4.3 Transaction Management

All database operations utilize explicit transactions with:

Batch processing (100 records per batch)
Automatic rollback on failure
Detailed error logging with stack traces
Commit verification

This approach ensures atomicity - either all operations for a period succeed, or none do, preventing partial or inconsistent data states.

4.4 Time Zone Management

Time zone consistency is critical for accurate period boundaries. The system:

Uses explicit Asia/Shanghai time zone for all date calculations
Ensures consistent hour/day/week/month boundaries
Handles daylight saving time transitions properly
Maintains accurate time alignment across all aggregation levels

4.5 Job Duration Edge Cases

The system gracefully handles several edge cases:

Jobs with missing start times (uses default values)
Jobs still in progress (handles null or zero EndTime)
Zero-duration jobs (establishes minimum countable duration)
Jobs spanning multiple periods (correctly apportions time)
Proper rounding for partial hours (consistent decimal precision)

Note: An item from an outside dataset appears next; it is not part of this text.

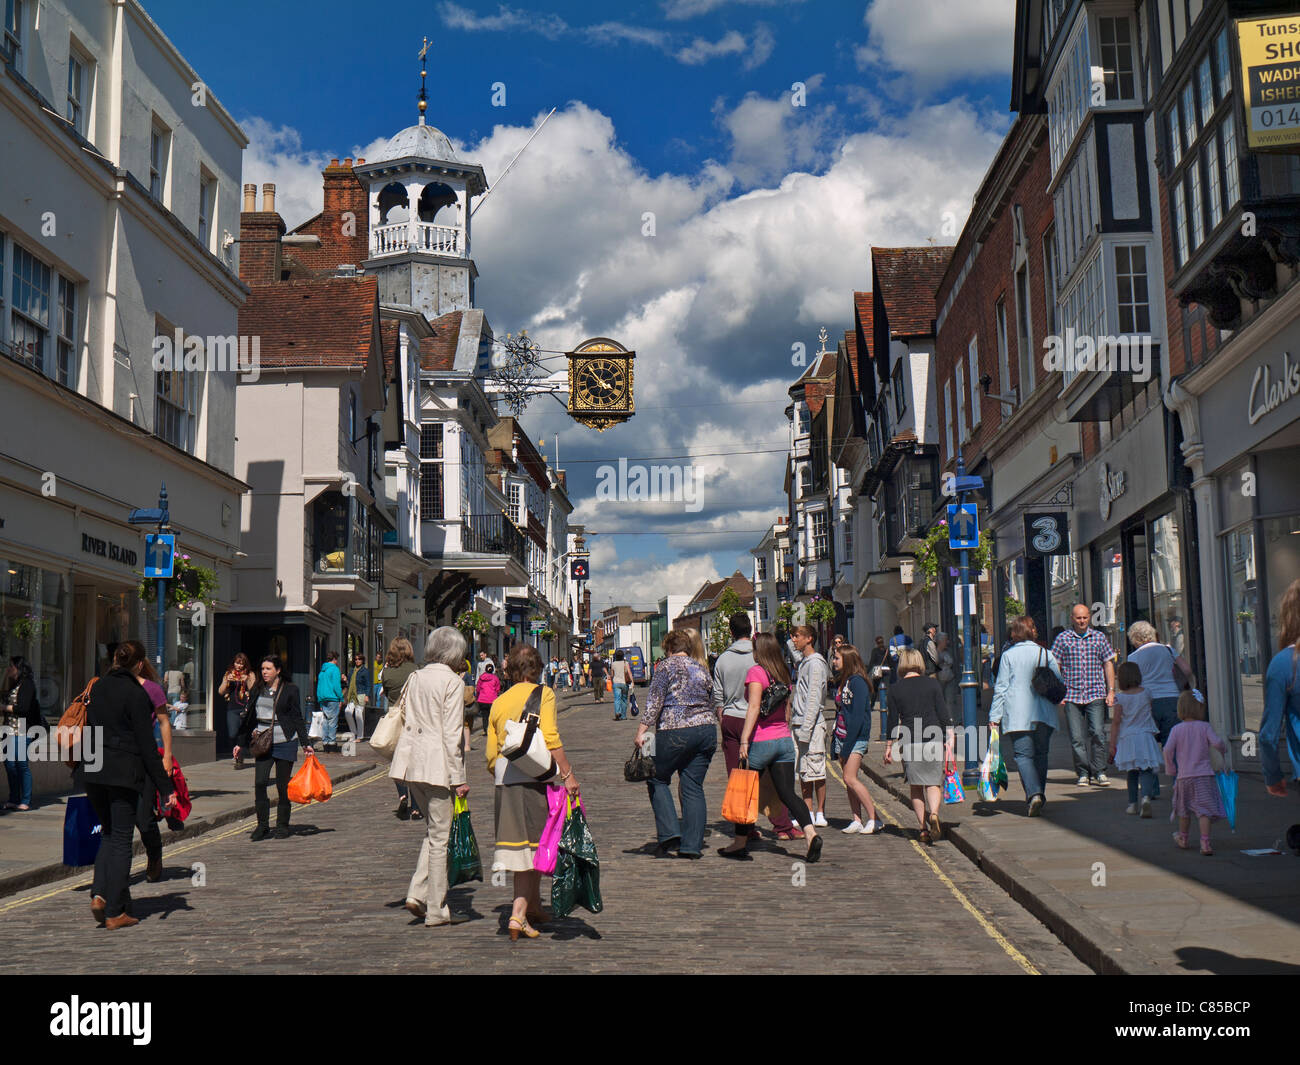 GUILDFORD Shoppers foules occupées dans Guildford historique et pavée circulation libre High Street avec horloge célèbre, profitant du soleil printanier Guildford Surrey Royaume-Uni Banque D'Images

5. Implementation Guidelines

When implementing or extending this system, consider the following best practices:

Data Consistency: Always maintain the aggregation hierarchy (hour → day → week → month)
Error Handling: Log detailed information for any aggregation failures
Performance Optimization: Index critical fields in time-series tables
Monitoring: Implement alerts for failed aggregations or missing periods
Scalability: Design for horizontal scaling as job volume increases

By following these guidelines and leveraging the robust recovery mechanisms, the system will maintain accurate job time metrics even under adverse conditions.